Tolstoy did not think much of Chekhov's writing (nor apparently of anyone's but his own) and called his plays "worse even than Shakespeare's," a terrible insult seeing as Tolstoy reviled Shakespeare. Chekhov never publicly criticized Tolstoy, but he grew tired of him and wrote to his friends about his absolute hatred of The Kreutzer Sonata. Chekhov admired Anna Karenina but said he'd have left out the ending, as it was not the author's job to punish evildoing.
Sometime this week, I hope, I'll look over your movies list again and write something about Poirot. I adore Poirot, such a terrific character. And I meant, what was it--months ago now? to ask you for a list of a dozen or so movies I should try out.

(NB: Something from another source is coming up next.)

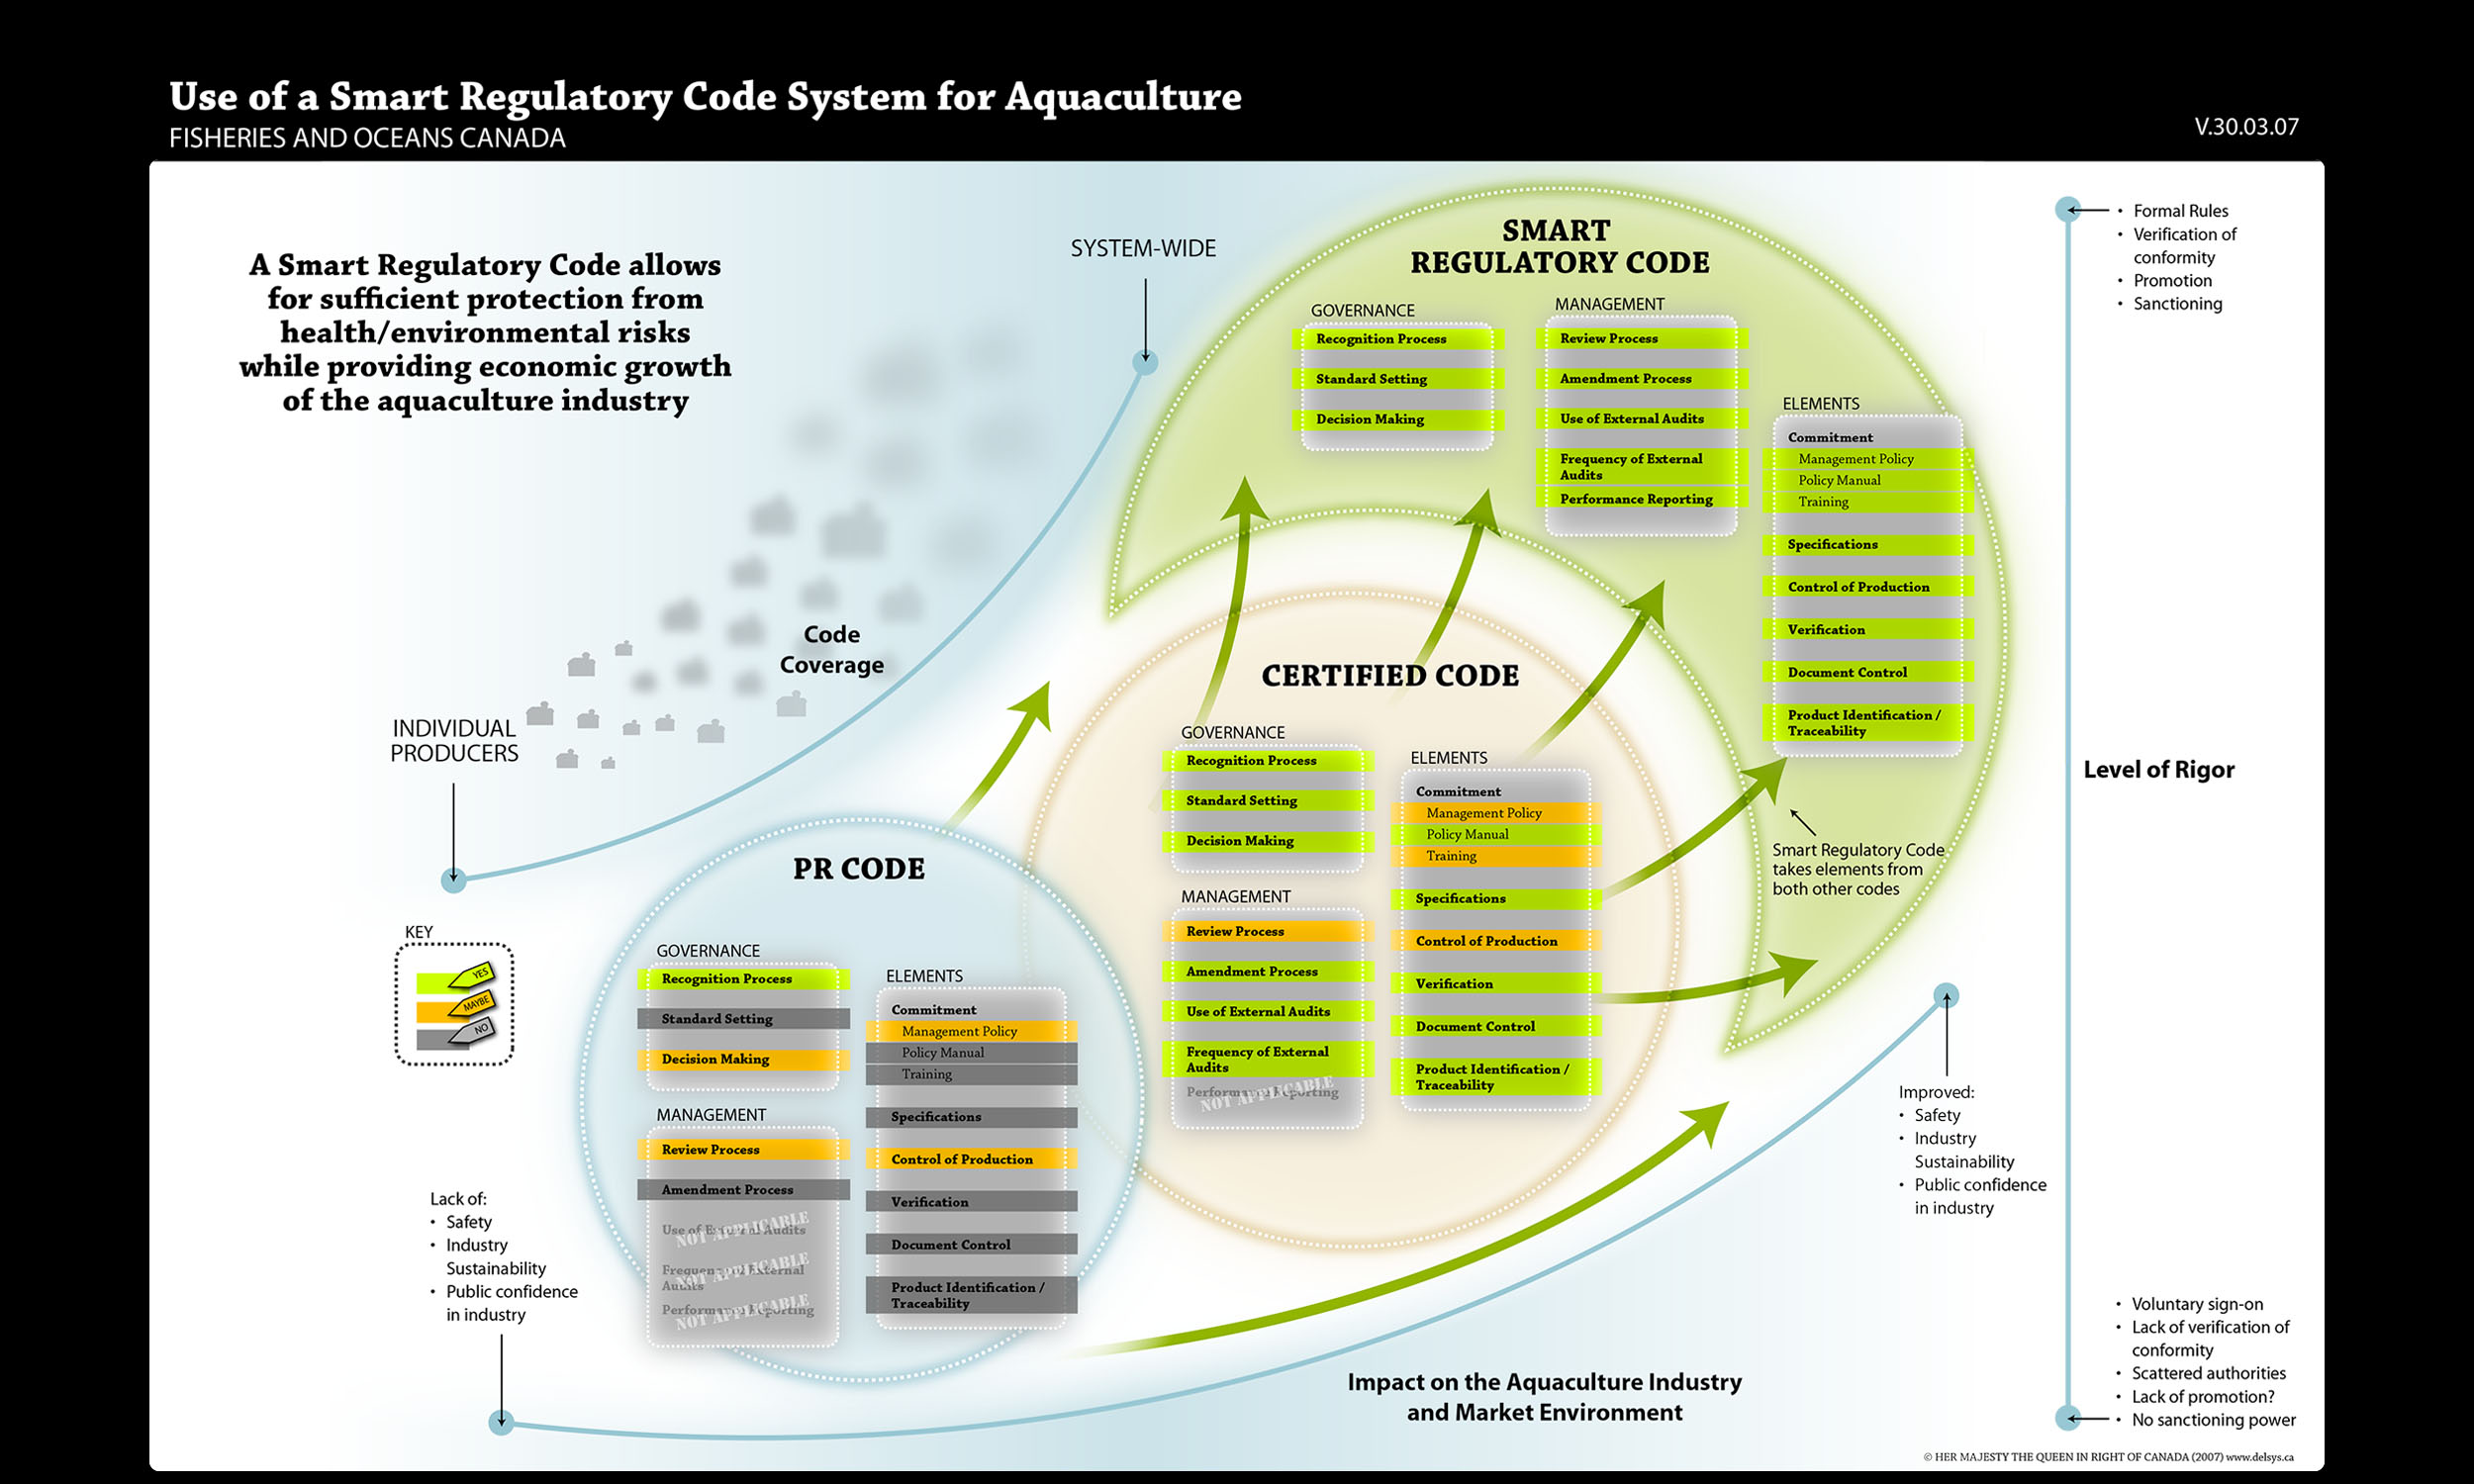 Use of a Smart Regulatory Code for Aquaculture

Oh yes, the Tolstoyan period. I've vaguely heard of it but never made note of which stories. Thanks for that.
DeleteFrom what I've read, I think Tolstoy did think highly of Chekhov as a short story writer, but not as a playwright, and that "even worse than Shakesepare's" remark is quoted everywhere.
I know that Chekhov got out of Tolstoy's shadow/ influence (Patrick Kurp has a blog post titled something like "Tolstoy has departed from my life", quoting Chekhov's letter), but didn't know that he hated The Kreutzer Sonata. Very interesting. Do you know what he thought about Dostoyevsky? I can't find anything online.
I don't think that Tolstoy didn't think much of anyone's writing but his own though. This is for example a list of books that influenced him most: https://www.openculture.com/2014/07/leo-tolstoy-creates-a-list-of-the-50-books-that-influenced-him-most-1891.html
Look forward to your post about Poirot. I've just watched one now, actually, though I think I prefer the early episodes to the 2000s ones.
A list of films? I need that narrowed down somehow, I don't know what you've seen and not seen, haha.